CHAPITRE 4. UN DEUXIÈME REGISTRE D’ANALYSE INTERPRÉTATIF : Le

4.2 Le code du travail en matière d’évaluation comme moyen de contrôle d’une juridiction D’entrée de jeu, je précise que pour aider à la mémoire du lecteur par rapport à des

situations professionnelles explicitées précédemment, je reprendrai à certaines sections quelques extraits qui ont déjà été cités au chapitre 3. Comme annoncé, je propose ici une interprétation sociologique de la signification du code du travail en matière d’évaluation des apprentissages défini comme une mise en ordre d’une juridiction. Comme le fait valoir Abbott (1988, 2003), les professions sont l’espace d’un jeu pluriel d’interactions et d’influences réciproques entre les membres d’un groupe professionnel et les divers autres acteurs qui se situent dans la périphérie de leur activité de travail. De fait, les dynamiques professionnelles qui s’y déploient au travers des actions des acteurs à la périphérie de l’activité viendraient menacer en permanence le contrôle que les membres du groupe professionnel exercent sur leur juridiction, c’est-à-dire leur sphère de travail. Abbott distingue ainsi deux dynamiques de protection de l’activité

professionnelle : une dynamique interne, qui amène le groupe à multiplier les efforts pour élaborer des formes de réponses aux problèmes de leur activité, et une dynamique externe, faite de jeux de concurrence dans lesquels la légitimité du contrôle de l’activité est menacée par les autres acteurs évoluant à la périphérie. Ces processus pourraient bien décrire les dynamiques associées à la reconstruction du savoir-évaluer des enseignants formés à l’étranger façonnées par les interactions socialisantes des pairs qui se présentent ici comme une forme de contrôle de leur « juridiction ». Comme on le verra, ce contrôle de la juridiction repose sur un cadre d’analyse qui balise les deux sphères interprétatives dans lesquelles doivent s’inscrire les manières d’évaluer, d’une part (cf. section 4.2.1), et les processus mobilisés par les acteurs pour concurrencer ou contrôler le monopole de l’accomplissement de l’activité d’évaluation des apprentissages, d’autre part (cf. section 4.2.2).

4.2.1 Le cadre d’analyse de la juridiction concernant la mise en œuvre de l’évaluation Tout intervenant utilise un ensemble de normes et de valeurs à partir desquelles il porte des jugements – personnels, culturels ou professionnels – sur l’individu ou le groupe d’individu auprès duquel il exerce sa pratique, désigné comme le bénéficiaire de l’intervention; la situation qui a donné lieu à l’intervention; et le rapport entre le bénéficiaire et la situation; cet ensemble de normes et de valeurs sera désigné comme le cadre d’analyse de l’intervenant.

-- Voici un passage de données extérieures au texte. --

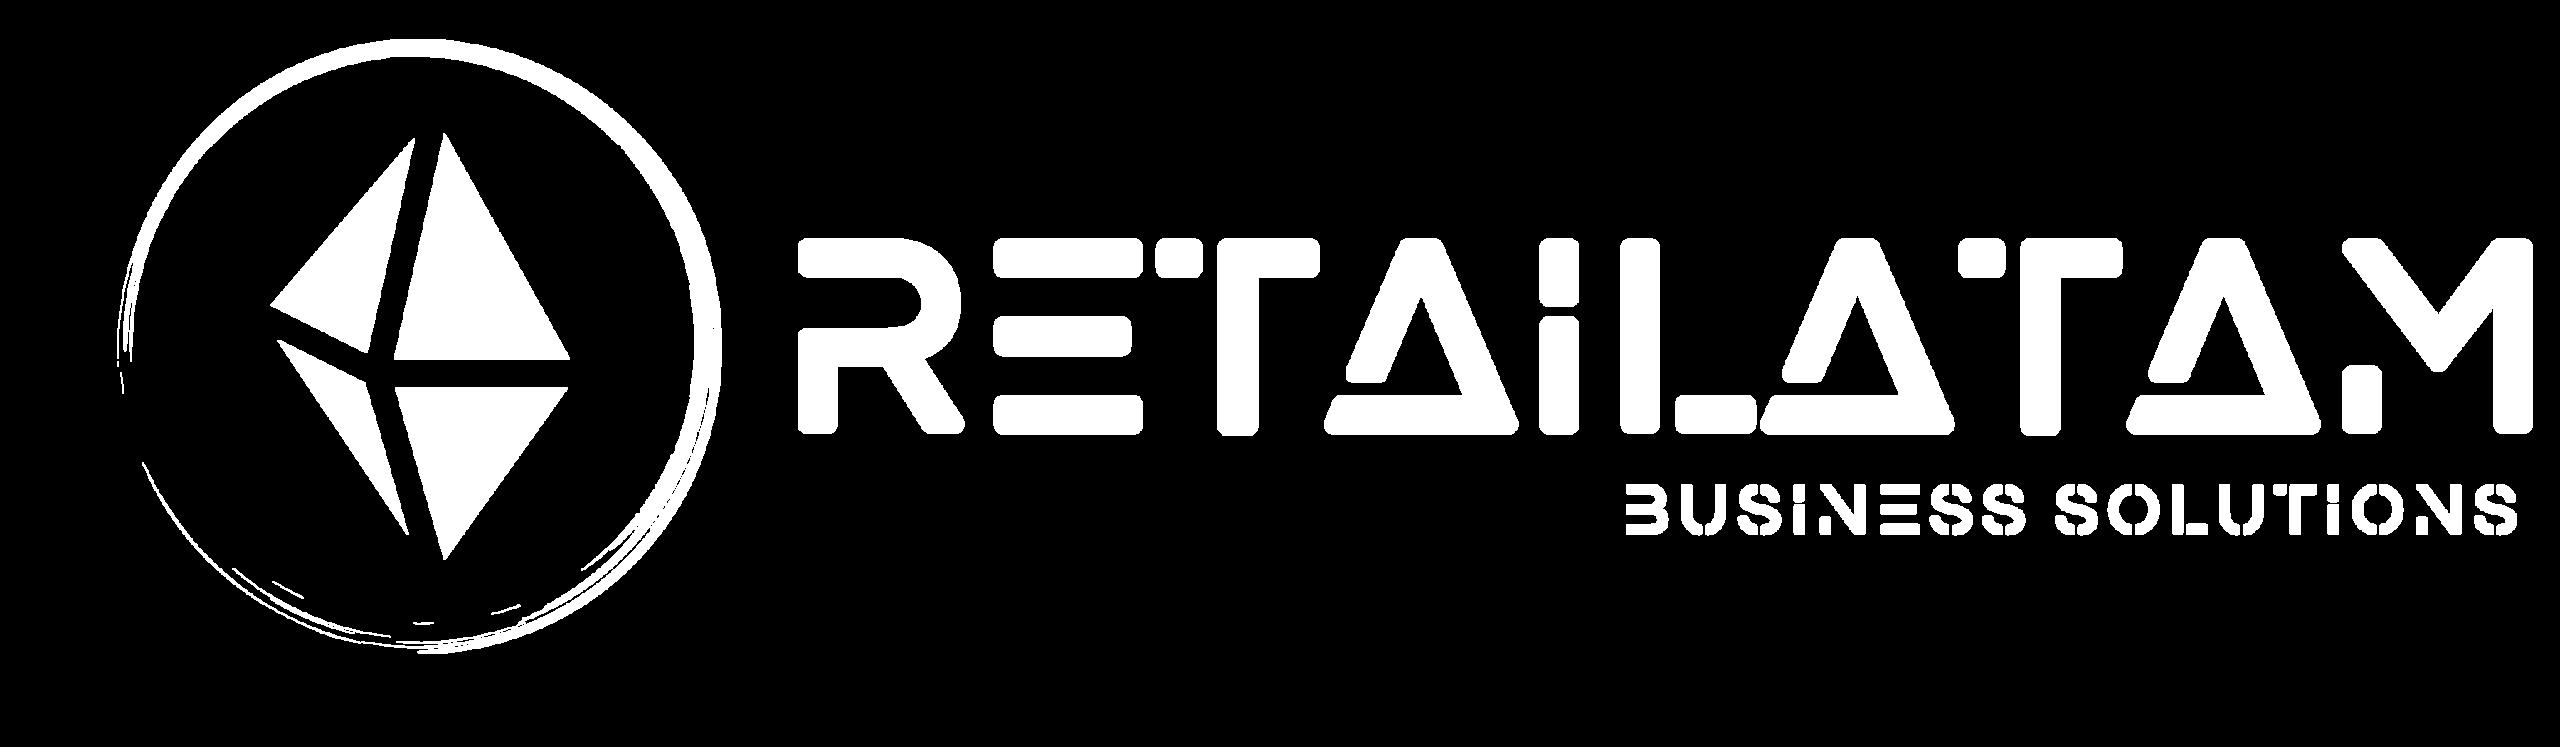 RETAILATAM Business Solutions

St-Arnaud, L’interaction professionnelle, 2003, p.186.

Je l’ai fait valoir, en s’intégrant dans les écoles montréalaises, les enseignants formés à l’étranger reconstruisent leur savoir-évaluer dans un contexte social où l’expertise d’évaluer les apprentissages ne leur est pas exclusif. De fait, pour les aider à gérer ou anticiper des situations professionnelles potentiellement conflictuelles, les membres du groupe professionnel les socialisent au cadre d’analyse commun représentant, dans la perspective d’Abbott, la juridiction dans laquelle ils doivent inscrire leurs manières d’évaluer. Cette juridiction serait constituée de deux éléments principalement : (a) la réussite de l’élève comme finalité de l’évaluation des apprentissages et (b) l’éthique de la bienveillance comme sens de l’évaluation. Comme on le verra, la prise en compte de ce cadre d’analyse pour l’intervention en matière d’évaluation des apprentissages permettrait aux enseignants formés à l’étranger de participer au maintien du monopole de leur groupe professionnel sur leur activité de travail menacée par les partenaires à l’intérieur (i.e. les élèves), comme à l’extérieur (i.e. les parents) de la juridiction.

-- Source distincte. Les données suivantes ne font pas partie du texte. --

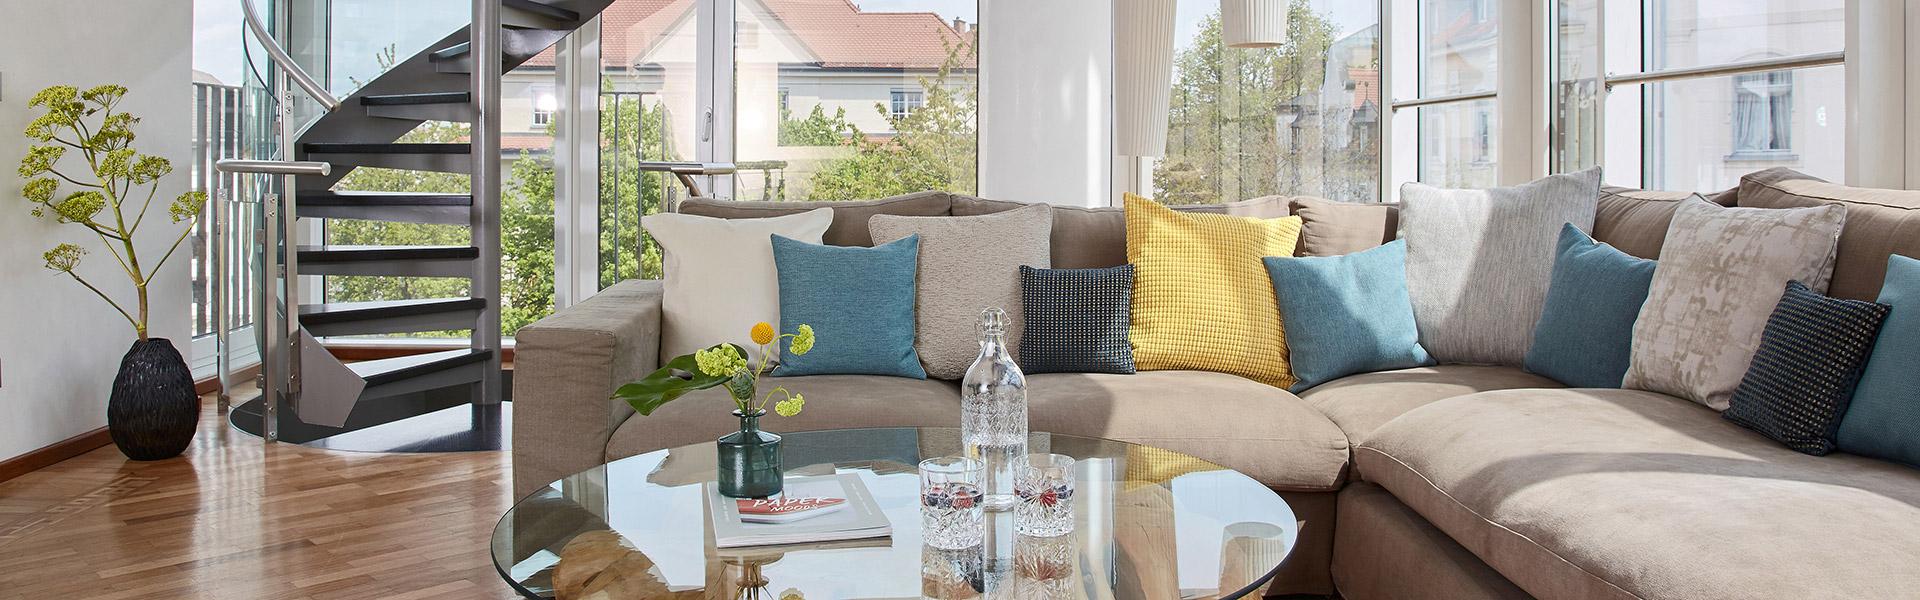 Living Hotel Prinzessin Elisabeth Muenchen Suite

4.2.1.1 La réussite de l’élève comme finalité de l’évaluation des apprentissages

L’une des fonctions clés de l’évaluation des apprentissages à laquelle les enseignants formés à l’étranger sont socialisés par les membres de leur groupe professionnel, les collègues et les conseillers pédagogiques principalement, c’est celle d’aide à l’apprentissage, qui vise la réussite du plus grand nombre d’élèves. On l’a vu précédemment (cf. sections 3.2.2, 3.2.3 et 3.2.5), l’idée d’inscrire leurs différentes interventions auprès des élèves, sous le dénominateur commun de la visée formative de l’évaluation semble se dessiner en trame de fond des conseils et suggestions qu’ils reçoivent des divers membres de leur groupe professionnel. Comme on le verra, trois éléments associés à la réussite de l’élève comme finalité de l’évaluation semblent faire l’objet d’une socialisation en regard des tensions qu’ils soulèvent : a) l’exigence de différenciation de l’évaluation pour certains élèves à besoins spécifiques; b) la conception de l’erreur comme source d’apprentissage; c) le jugement des productions des élèves à partir de critères variés.

Ce que signifie différencier l’évaluation pour être juste envers tous les élèves ?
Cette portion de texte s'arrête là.